Action item ::
Write out the data word for word and omit every picture.

Raw data ::
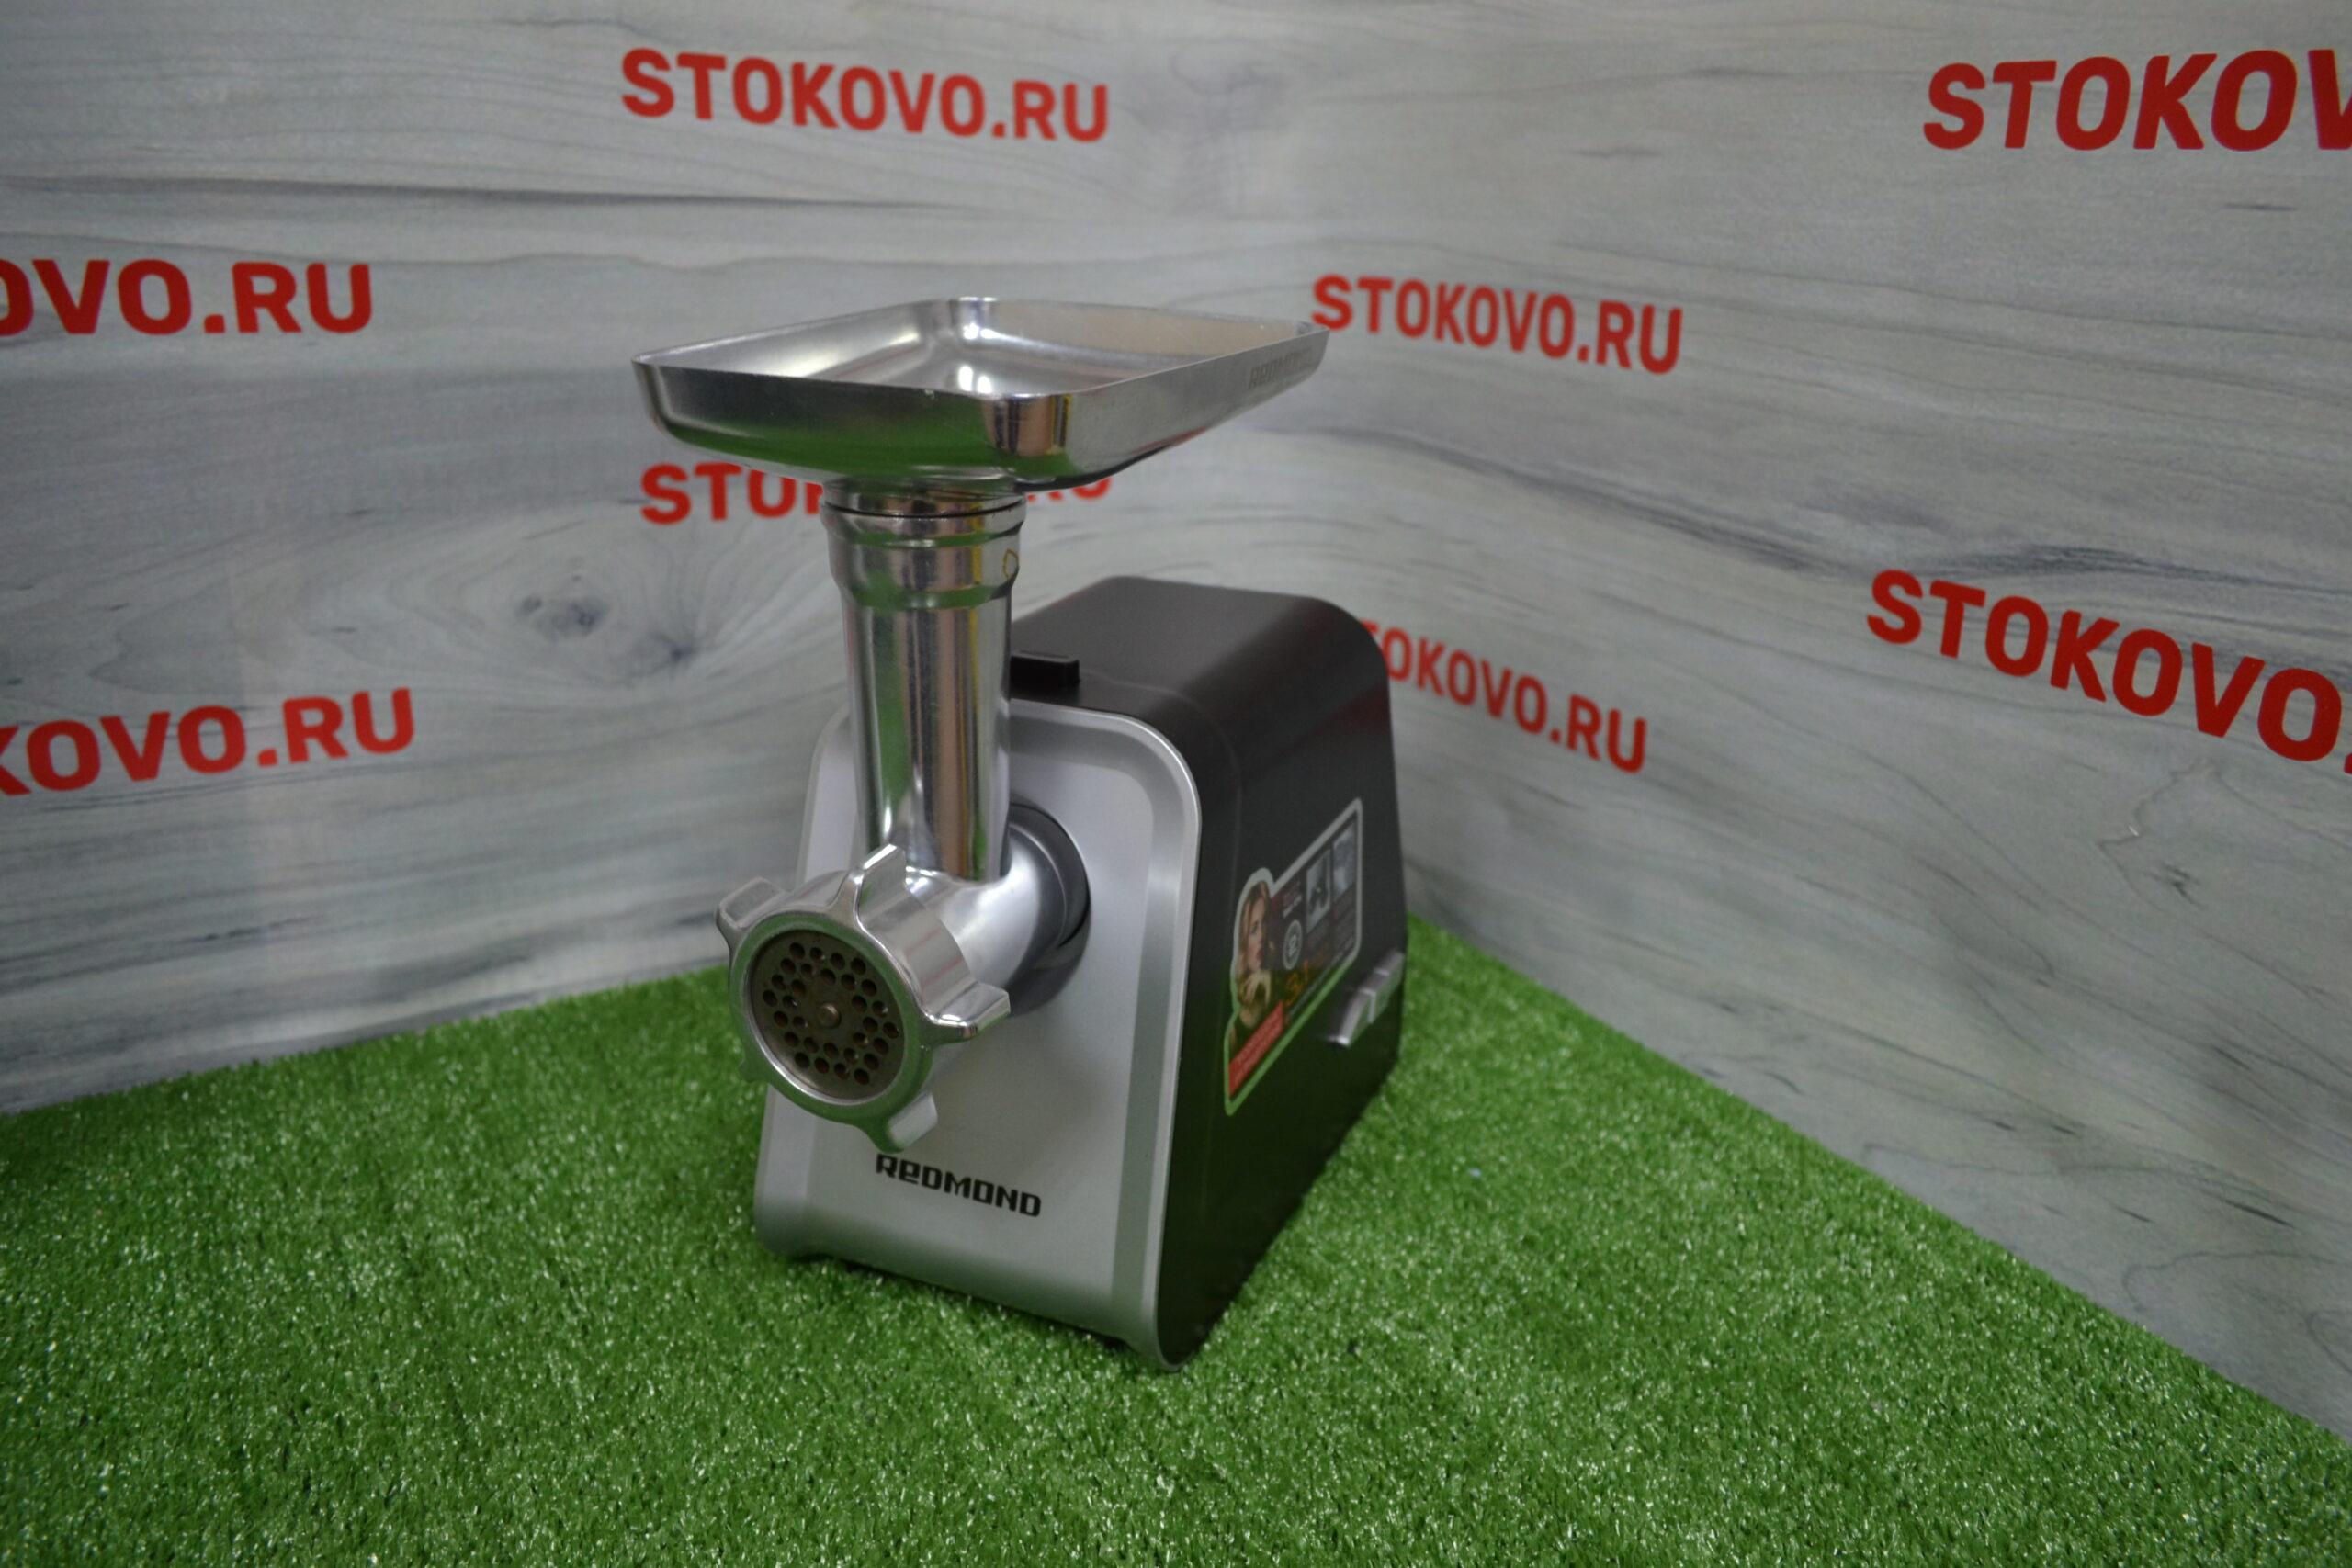 Электромясорубка Redmond RMG-1215
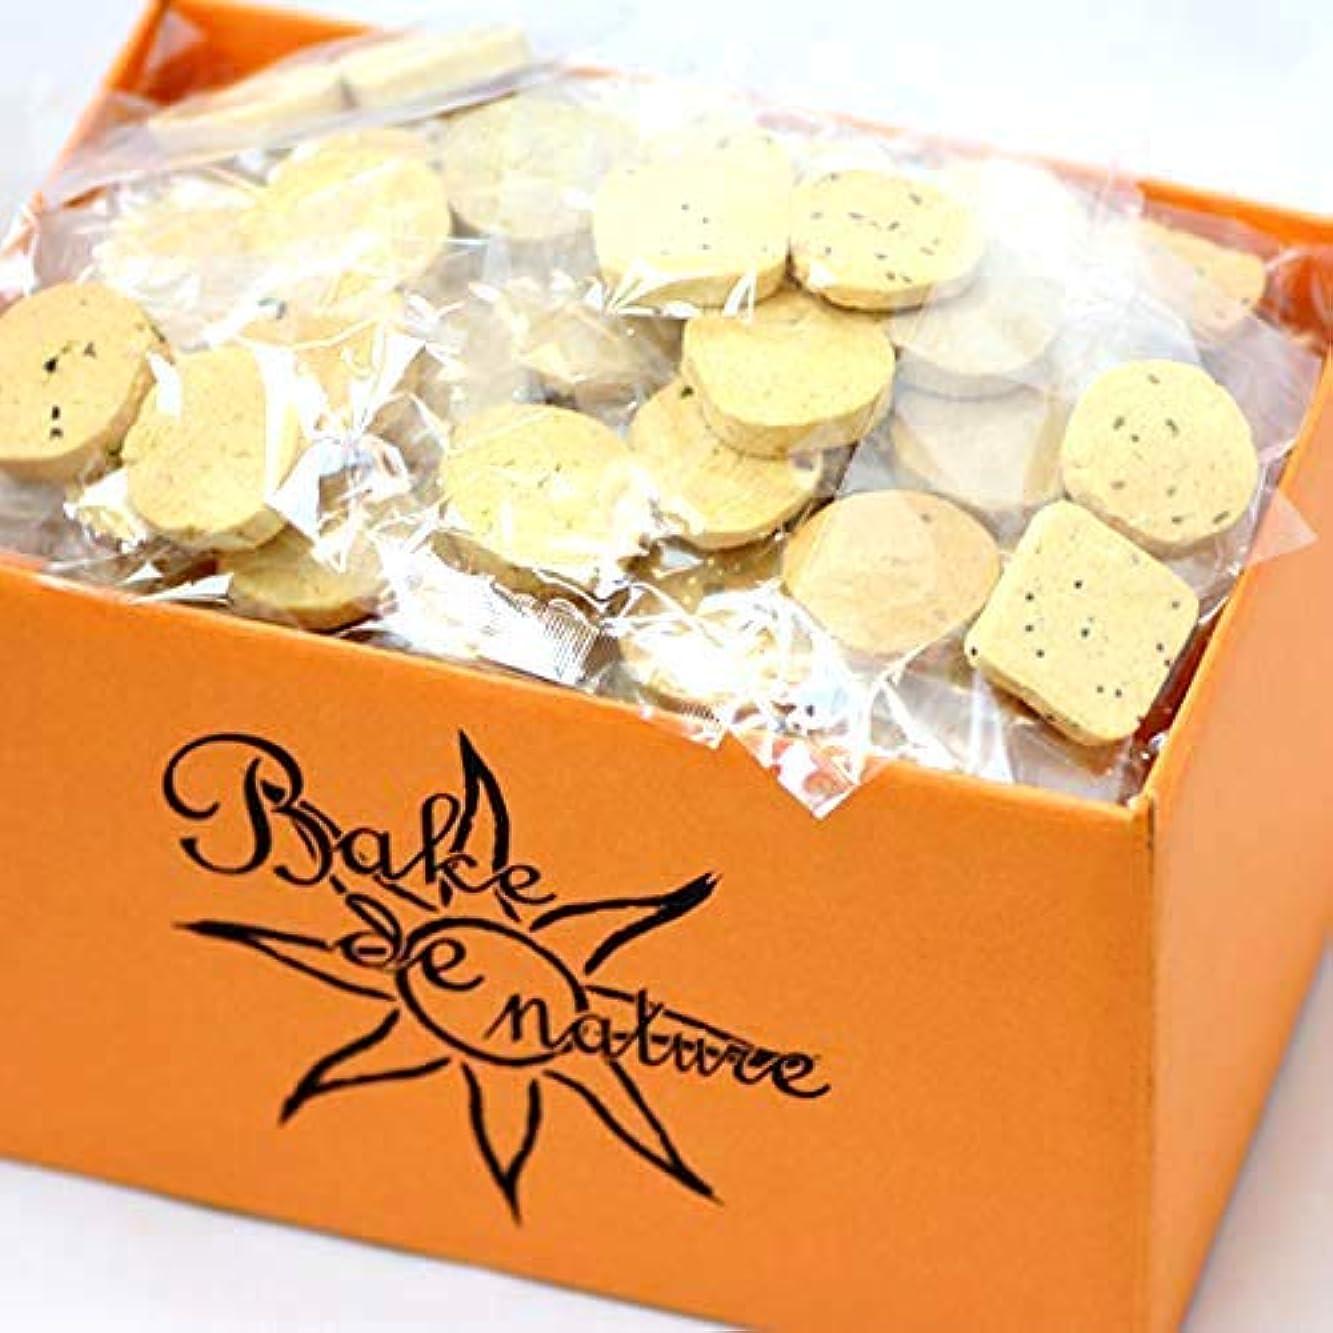 暗記するピアノを弾く病的スーパーフード豆乳おからクッキー (10種類MIX) 1袋 1kg (個包装) 小麦粉不使用のダイエットクッキー
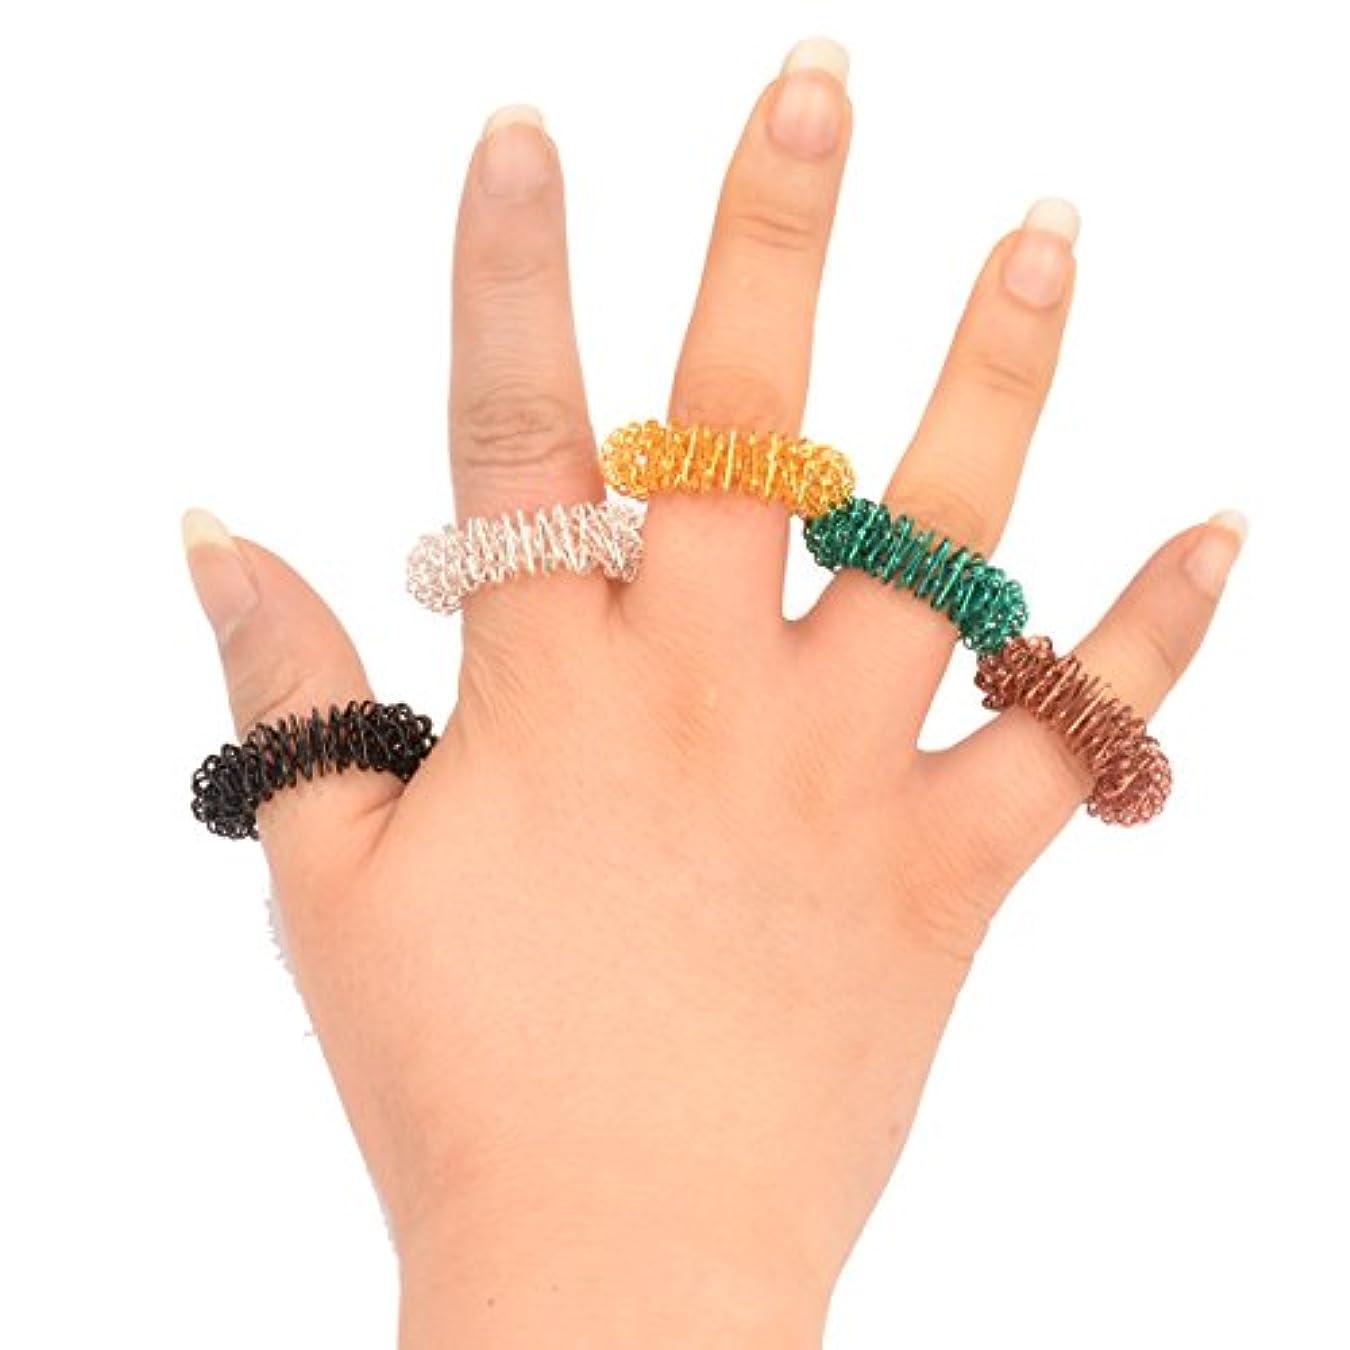 生むちらつきパワー(Ckeyin) マッサージリング 5個入り 爪もみリング 色はランダムによって配送されます (5個)
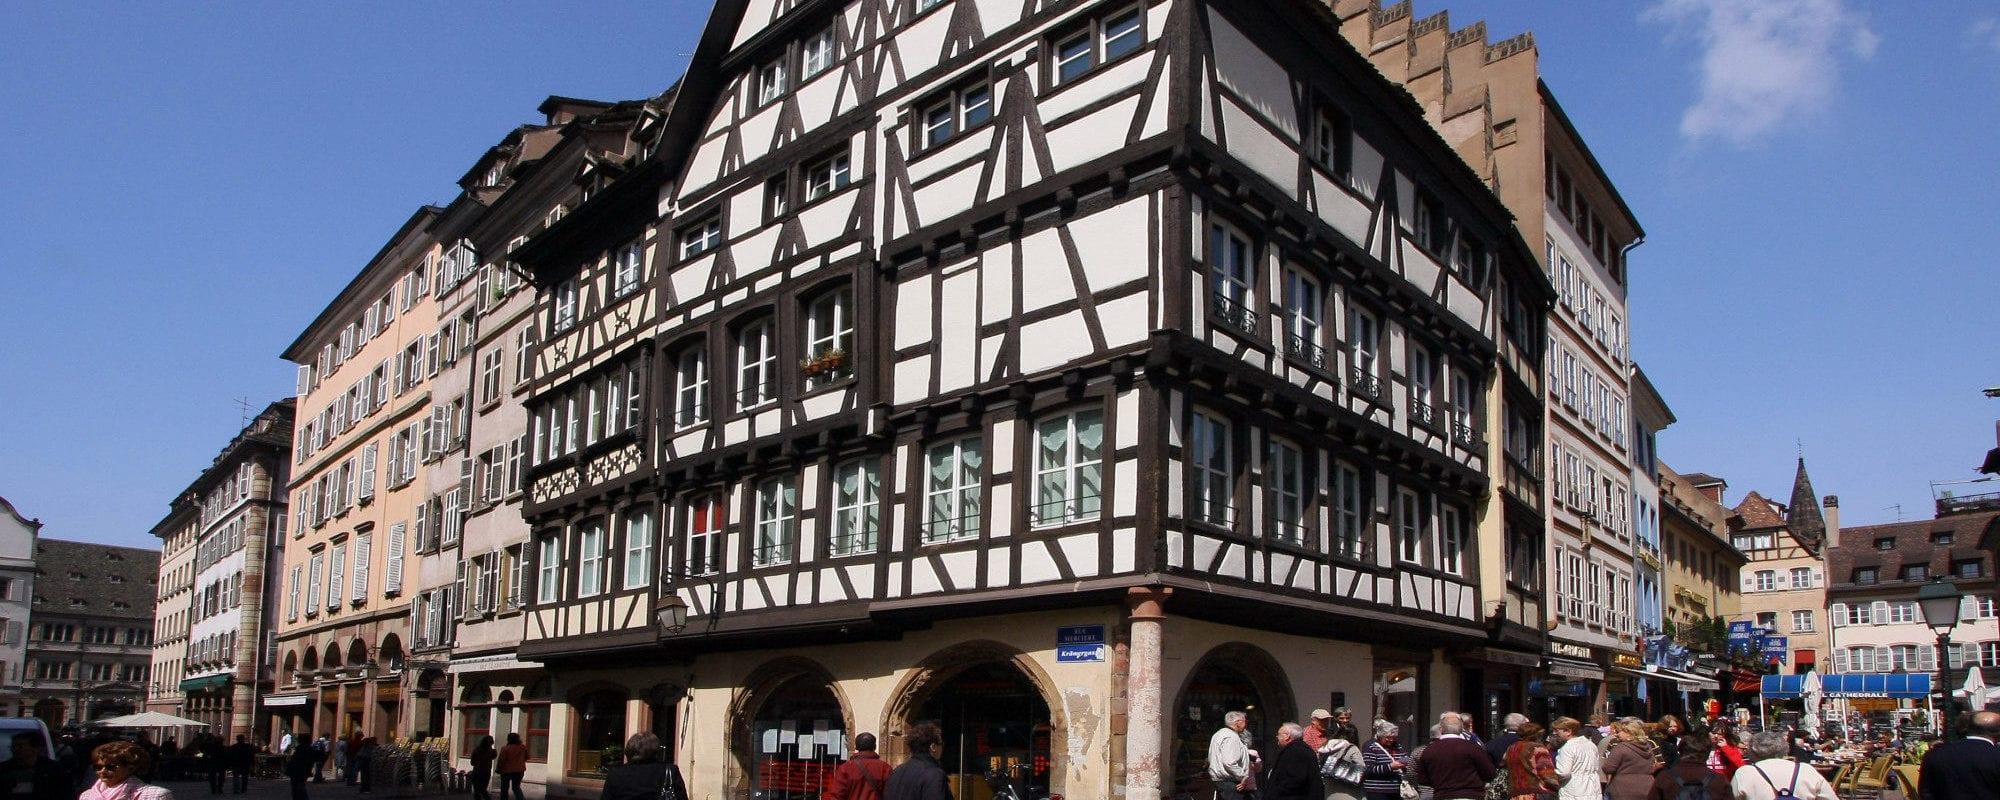 Strasbourg veut une boutique éphémère d'artisanat en face de la Cathédrale

Written answer ::
 Электромясорубка Redmond RMG-1215
 暗記するピアノを弾く病的スーパーフード豆乳おからクッキー (10種類MIX) 1袋 1kg (個包装) 小麦粉不使用のダイエットクッキー
 生むちらつきパワー(Ckeyin) マッサージリング 5個入り 爪もみリング 色はランダムによって配送されます (5個)
 Strasbourg veut une boutique éphémère d'artisanat en face de la Cathédrale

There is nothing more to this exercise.